Patients with below-knee amputations and intertrochanteric fractures on the ipsilateral side have a characteristic problem; positioning their legs on the fracture table is difficult because of the absence of the foot. This problem is accentuated when reduction is needed for a more displaced fracture [3]. In our case, the method of inverting the traction boot to accommodate the flexed knee and stump described by Al-Harthy could be used safely and effectively to achieve and maintain fracture reduction during fixation of the intertrochanteric fracture for our patient with a below-knee amputated limb (Figure 2) [6]. This method has the advantage that at the time of reduction of rotation we could control the affected limbs with the patella as a guide. We also thought that this improvement in manipulating the affected leg would be an advantage when selecting implants for internal fixation.

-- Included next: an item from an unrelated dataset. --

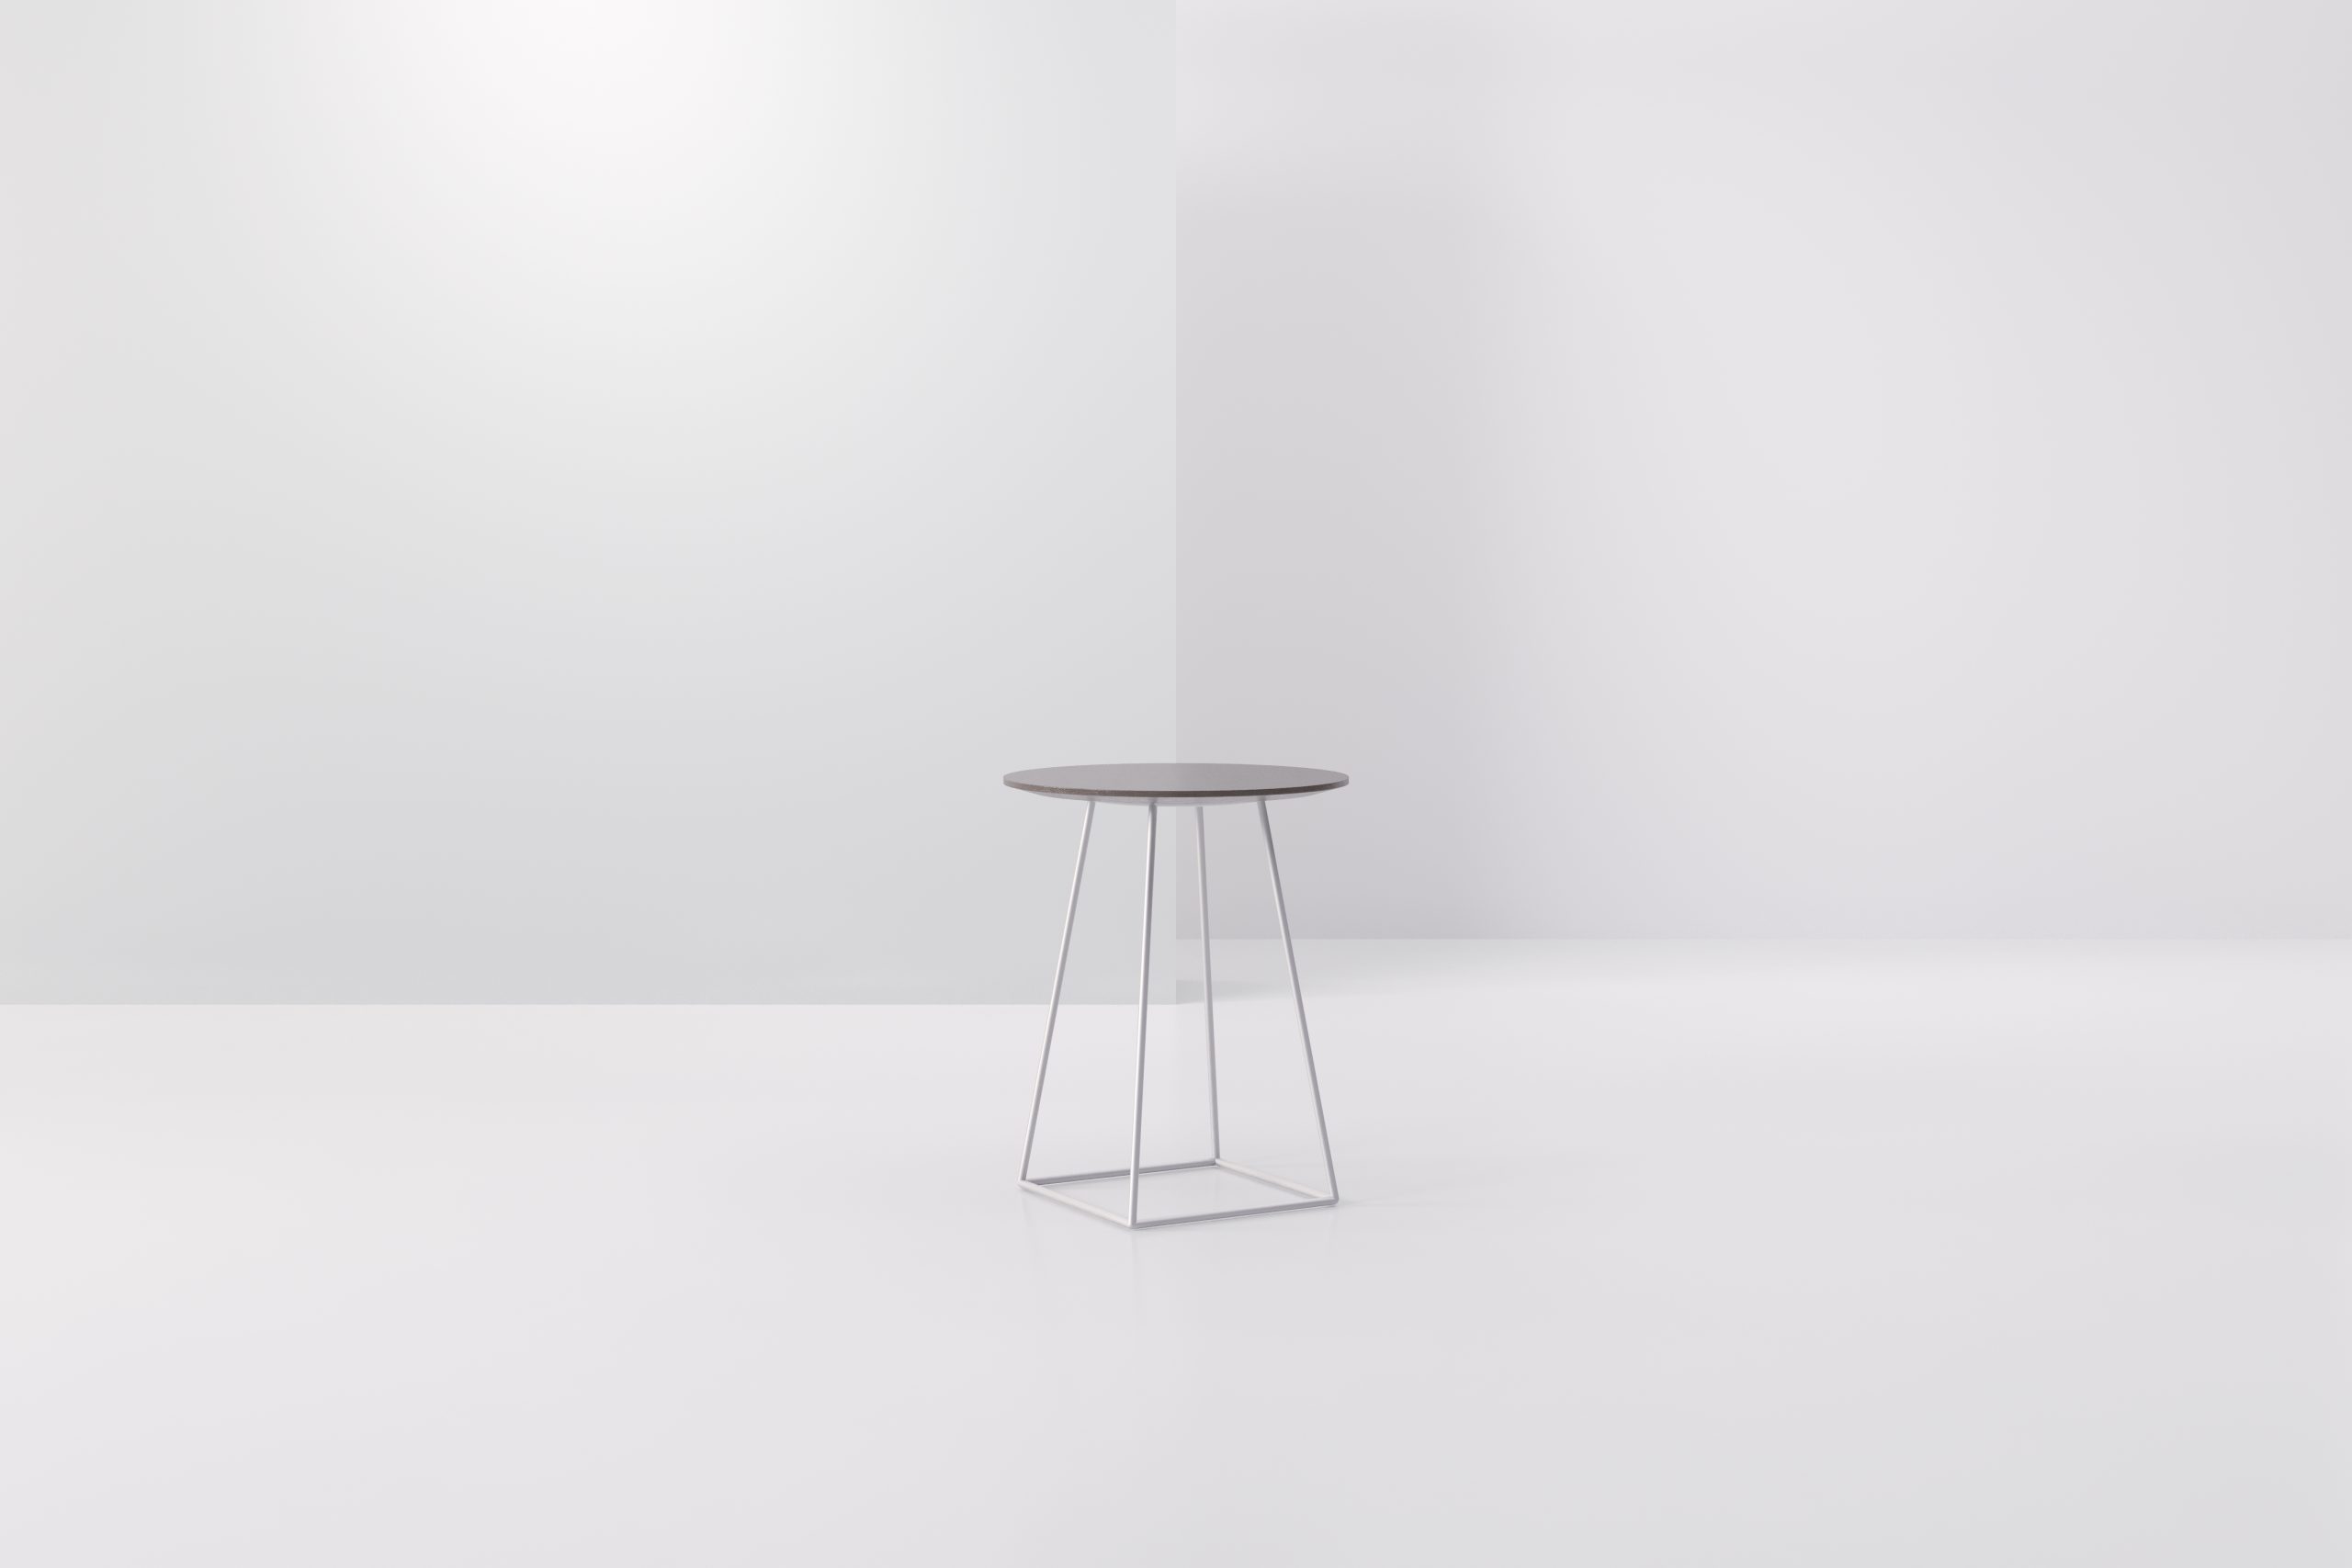 Dayton Small Round End Table Product Image 1

Several methods of supporting the fractured limb on the traction table have been described in patients with intertrochanteric fractures and below-knee amputations (Table 1) [3, 68]. Each method should be considered based on its advantages and disadvantages (Table 1). (1) The first method is inverting traction boot [6]: inverted traction boot to accommodate the below-knee stump with the knee flexed attached to the traction table. The advantages of this method were that the reduction manipulation and maintaining fracture reduction were better and the risks of skin injury and infection were lower. In particular, at the time of reduction of rotation control, we can check the rotation of the affected leg using the patella as a guide. However, this method has a limitation about the length of stump (the stump should be 12 cm or more) [3]. This method was considered optimal in our case, so we checked whether the inverted traction boot could accommodate the below-knee stump preoperatively. (2) The second method is skin traction [7]: using strapping and elastic bandages attached to the traction table. Although the risks of skin injury and infection and influence of stump length were lower, the reduction manipulation and maintenance of fracture reduction were difficult. (3) The third method is skeletal traction [8]: using a Steinmann pin with hoop or external fixator attached to the traction table. Although this method provides sufficient traction, is gentle on the skin, and is less influenced by stump length, this method does not provide stable rotational control and it is associated with risks of infection, cutting out of the pin, and chronic skin scar discomfort. (4) The fourth method is manual traction [3]: manual reduction and maintenance of fracture reduction by a human assistant. Although this method is gentle on the skin and is less influenced by stump length, it does not provide sufficient traction and rotational control. Furthermore, it is very difficult to maintain fracture reduction during operation.

Table 1: Advantages and disadvantages of methods from previous reports.

The method of inverting the traction boot to accommodate the flexed knee and stump can be used safely and effectively to achieve and maintain fracture reduction during fixation of intertrochanteric fractures for patients with a below-knee amputated limb. Each method should be considered based on its advantages and disadvantages for the patient condition and the type of fracture.

Ethical Approval

This study was carried out in accordance with the Declaration of Helsinki and the appropriate ethical framework.

Consent

Written informed consent was obtained from the patient for publication of this case report and any accompanying images.

Conflicts of Interest

The authors declare that they have no conflicts of interest regarding the publication of this paper.